Background

Genomic structural variants (SVs), which are deletions, duplications, inversions and translocations of genomic segments, account for the majority of variable base pairs in primate genomes [1, 2]. Because of their sheer size, SVs can have strong effects on gene function and regulation if they overlap with protein-coding (eg, [3]) or regulatory sequences (eg, [4]). Indeed, several studies have revealed important roles that SVs play in human evolution [2, 5] and adaptation [6, 7].
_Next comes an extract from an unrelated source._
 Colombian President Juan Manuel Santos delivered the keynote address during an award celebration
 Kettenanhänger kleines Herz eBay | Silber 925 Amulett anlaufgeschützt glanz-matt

Disruption of a gene’s function by deletion of its coding sequence likely reduces fitness and predisposes humans to several genetic disorders (eg, [810]). Consistent with this notion, deletion variants among humans are distributed significantly away from coding sequences [11] and most exonic deletions are found in very low frequencies in human populations [12]. In a recent study, we searched for unusually old deletion variants that affect coding sequences. Specifically, we identified exonic deletions that evolved before Human-Neanderthal divergence (>500-1,000KYA) [13]. We surmised that it is unlikely for a loss-of-function gene deletion to be maintained for this long, especially under negative selection. Thus, we hypothesized that a number of these ancient deletion variants have been evolving under balancing selection.
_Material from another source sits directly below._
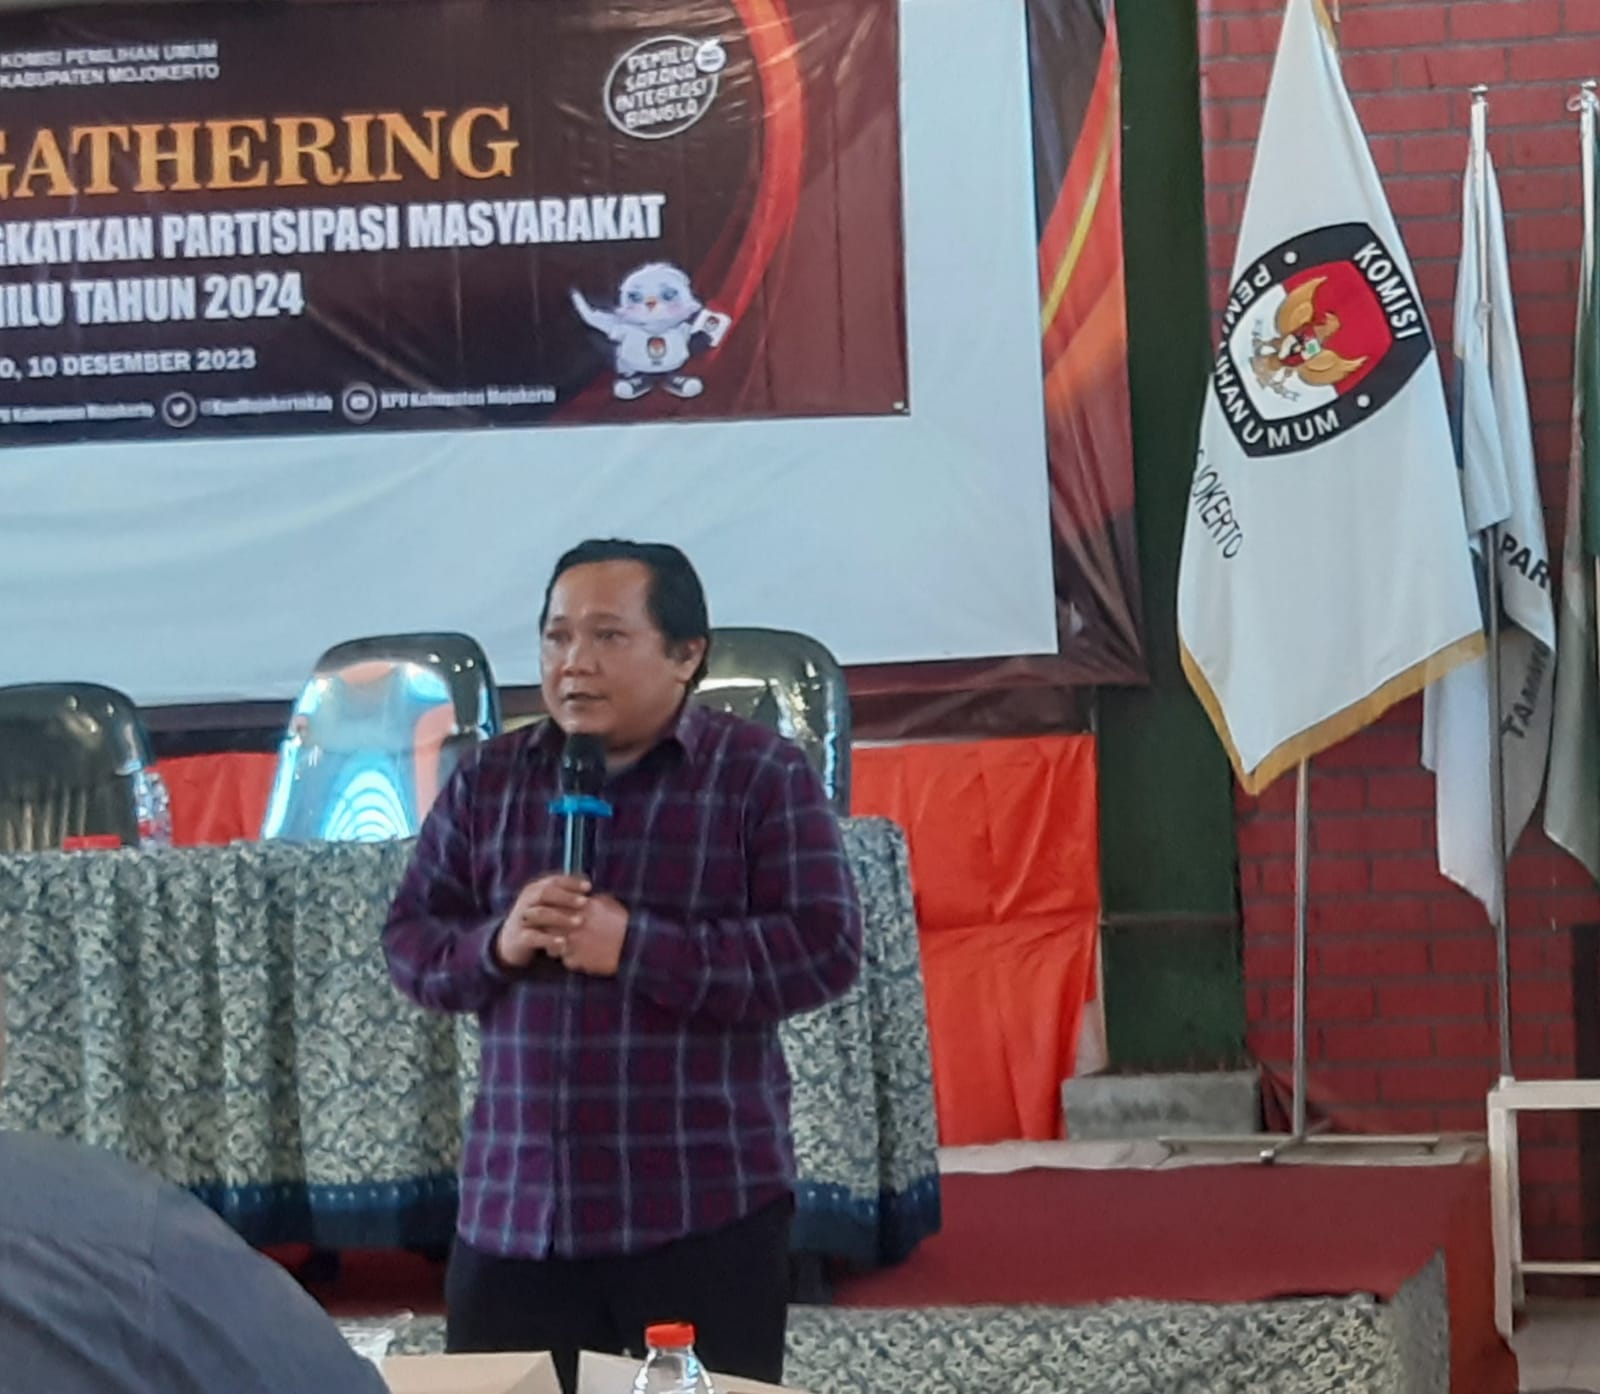 Gandeng Media, KPU Kabupaten Mojokerto Tingkatkan Partisipasi Masyarakat di Pemilu 2024

Balancing selection has enjoyed a renewed interest in the evolutionary genomics community. In its most basic form, balancing selection can be thought of as the combination of adaptive forces that maintain variation longer than expected under neutrality [14, 15]. Based on the analyses of recently available human and nonhuman primate genomes, several variants have been shown to be evolving under long-term balancing selection in the human-chimpanzee lineage [16, 17]. In addition, multiple instances of balancing selection within the human gene pool have been reported in the last decade [1823].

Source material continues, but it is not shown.